The problematic function is simple; you receive a 16-byte-aligned vector B of uint8_t
elements and a range B[l,r]
, where l
and r
are multiples of 16. The function returns the sum of the elements within B[l,r]
.
This is my code:
\\SIMD version of the reduction
inline int simd_sum_red(size_t l, size_t r, const uint8_t* B) {
__m128i zero = _mm_setzero_si128();
__m128i sum0 = _mm_sad_epu8( zero, _mm_load_si128(reinterpret_cast<const __m128i*>(B+l)));
l+=16;
while(l<=r){
__m128i sum1 = _mm_sad_epu8( zero, _mm_load_si128(reinterpret_cast<const __m128i*>(B+l)));
sum0 = _mm_add_epi32(sum0, sum1);
l+=16;
}
__m128i totalsum = _mm_add_epi32(sum0, _mm_shuffle_epi32(sum0, 2));
return _mm_cvtsi128_si32(totalsum);
}
\\Regular reduction
inline size_t reg_sum_red(size_t l, size_t r, const uint8_t* B) {
size_t acc=0;
for(size_t i=l;i<=r;i++){
acc+=B[i];
}
return acc;
}
It is worth mentioning that I built my SIMD function using the answers from another question I made a couple of days ago:
Accessing the fields of a __m128i variable in a portable way
For the experiments, I took random ranges of B of at most 256 elements (16 SIMD registers) and then measured the average number of nanoseconds that every function spent in a symbol of B[l,r]
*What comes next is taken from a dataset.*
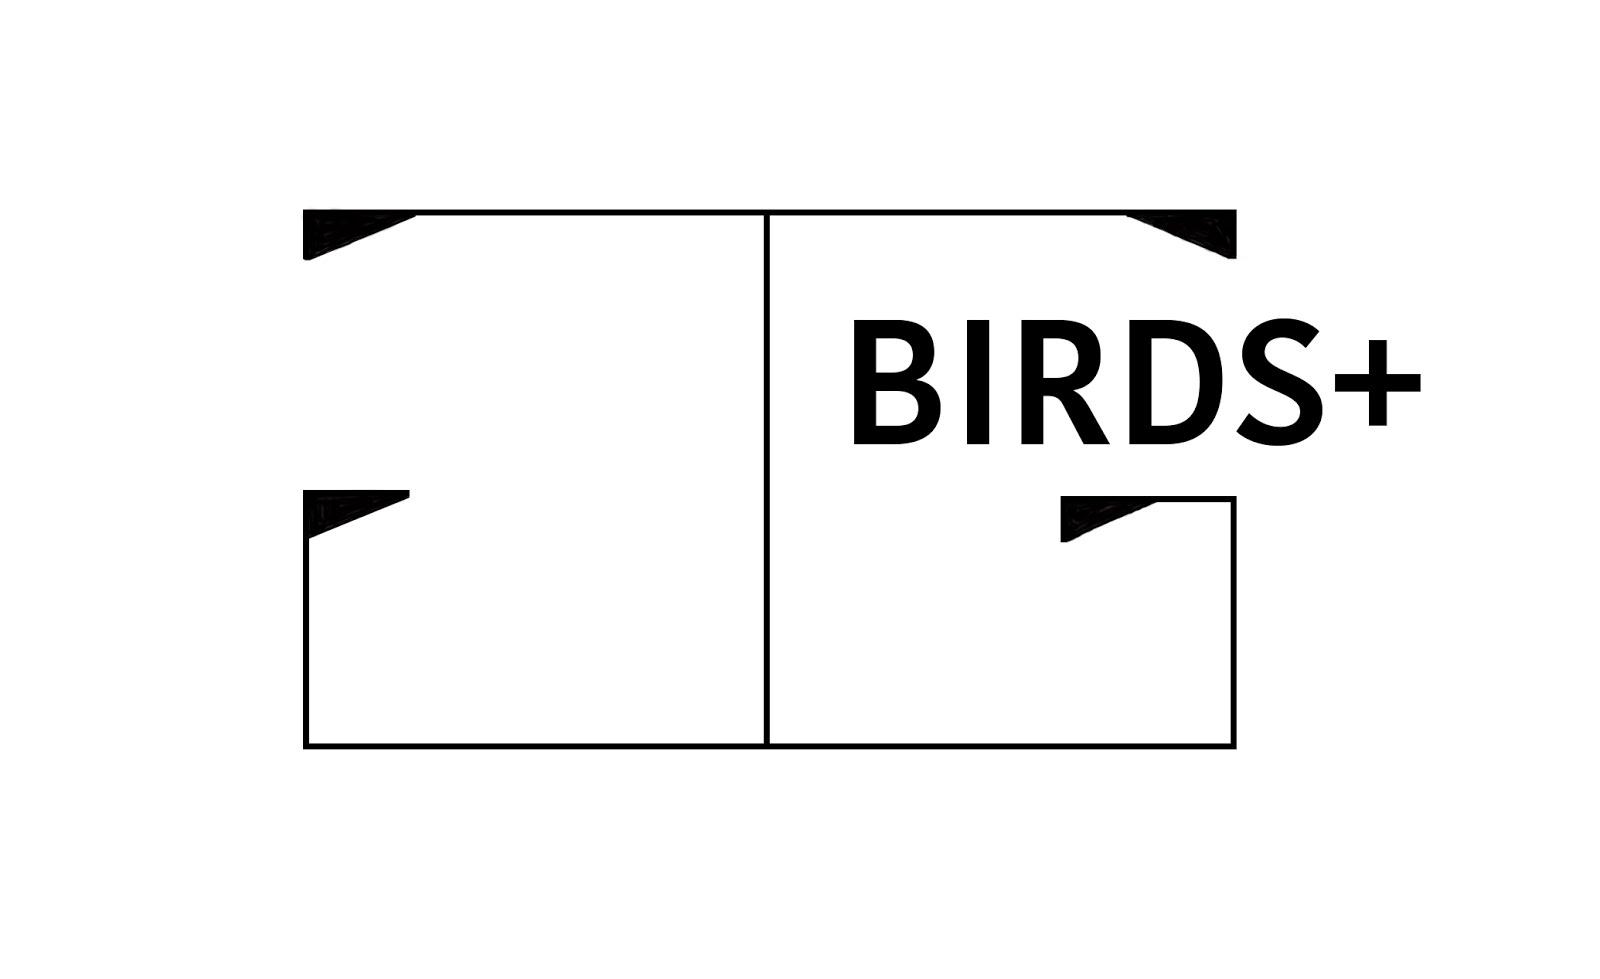 JG Birds+

. I compared two CPU architectures; Apple M1
and Intel(R) Xeon(R) Silver 4110
. I used the same source code for both cases, and the same compiler (g++
) with the compiler flags -std=c++17 -msse4.2 -O3 -funroll-loops -fomit-frame-pointer -ffast-math
. The only difference is that for Apple M1
I had to include an extra header called sse2neon.h
that transforms Intel intrinsics to Neon intrinsics (the SIMD system for ARM-based architectures). I omitted the -msse4.2
flag for this case.
These are the results I obtained with the Apple M1
processor:
nanosecs/sym for reg_sum_red : 1.16952
nanosecs/sym for simd_sum_red : 0.383278
As you see, there is an important difference between using SIMD instructions, and not using them.
These are the results with the Intel(R) Xeon(R) Silver 4110
processor:
nanosecs/sym for reg_sum_red : 6.01793
nanosecs/sym for simd_sum_red : 5.94958
In this case, there is not a big difference.
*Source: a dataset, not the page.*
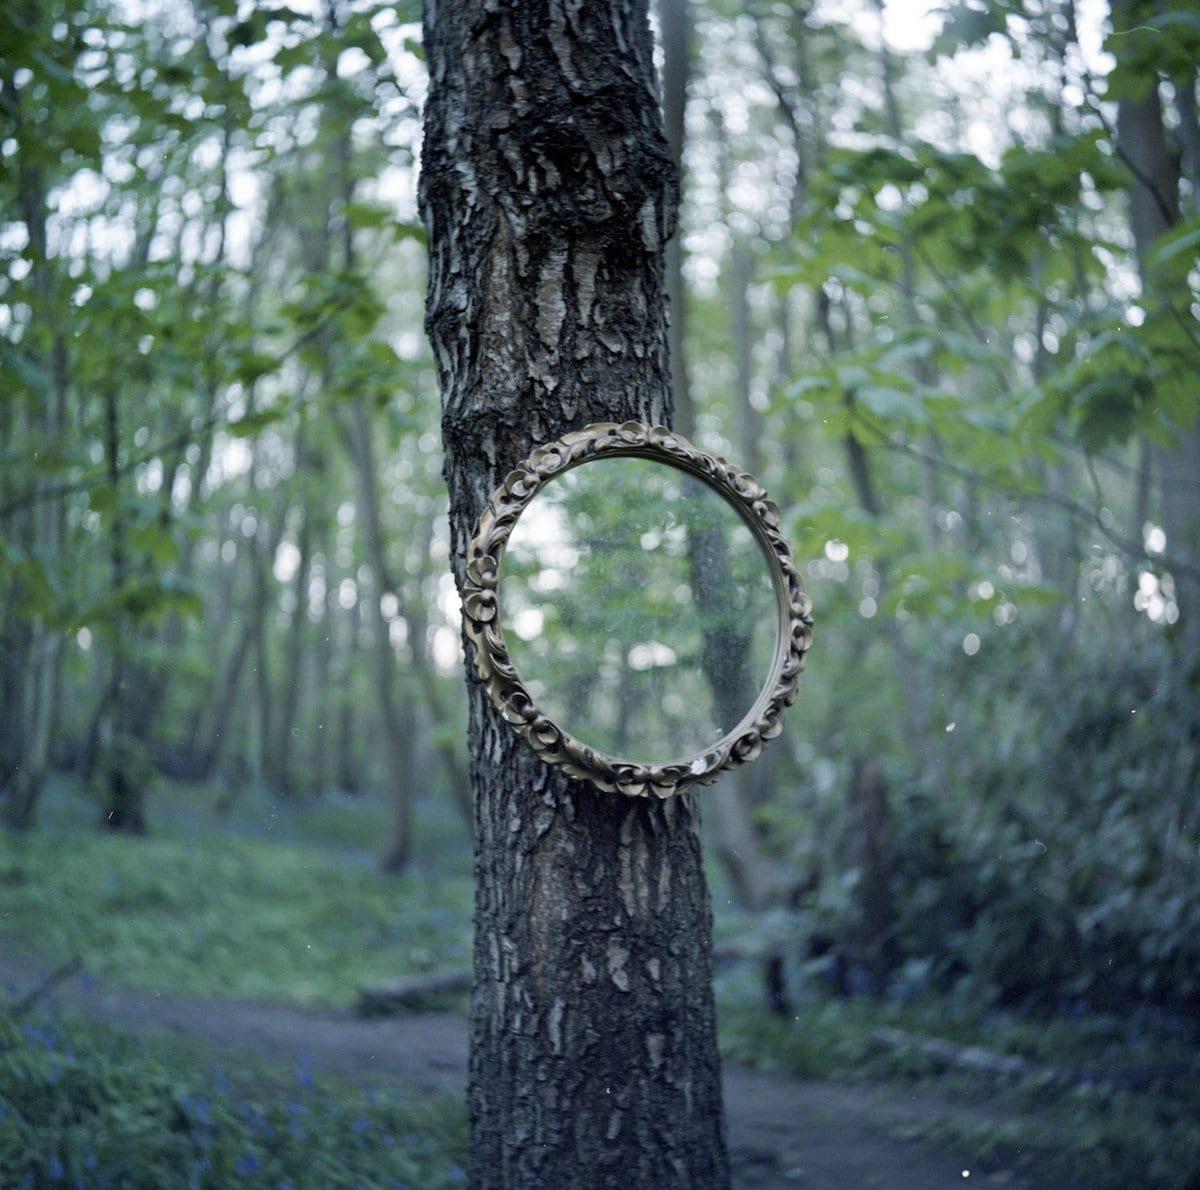 daniella-zalcman-female-in-focus-01

I suppose the reason is because of the compilers I am using; gnu-gcc for Intel versus the Apple gcc. So what kind of compiler flags should I pass to gnu-gcc (Intel) to see a performance difference between the SIMD reduction and the regular reduction as good as the one I see in Apple?
Update:
I realized that g++ in OSx is an alias for Clang (also pointed out by @CodyGray), so I used different compilers in my previous experiments. Now, I tried Clang in the Intel
Architecture, and indeed I obtained reductions similar to Apple
. However, the question remains; is there any modification I can make in either the source code or the compiler flags to make my gcc-compiled source code as efficient as that of Clang?.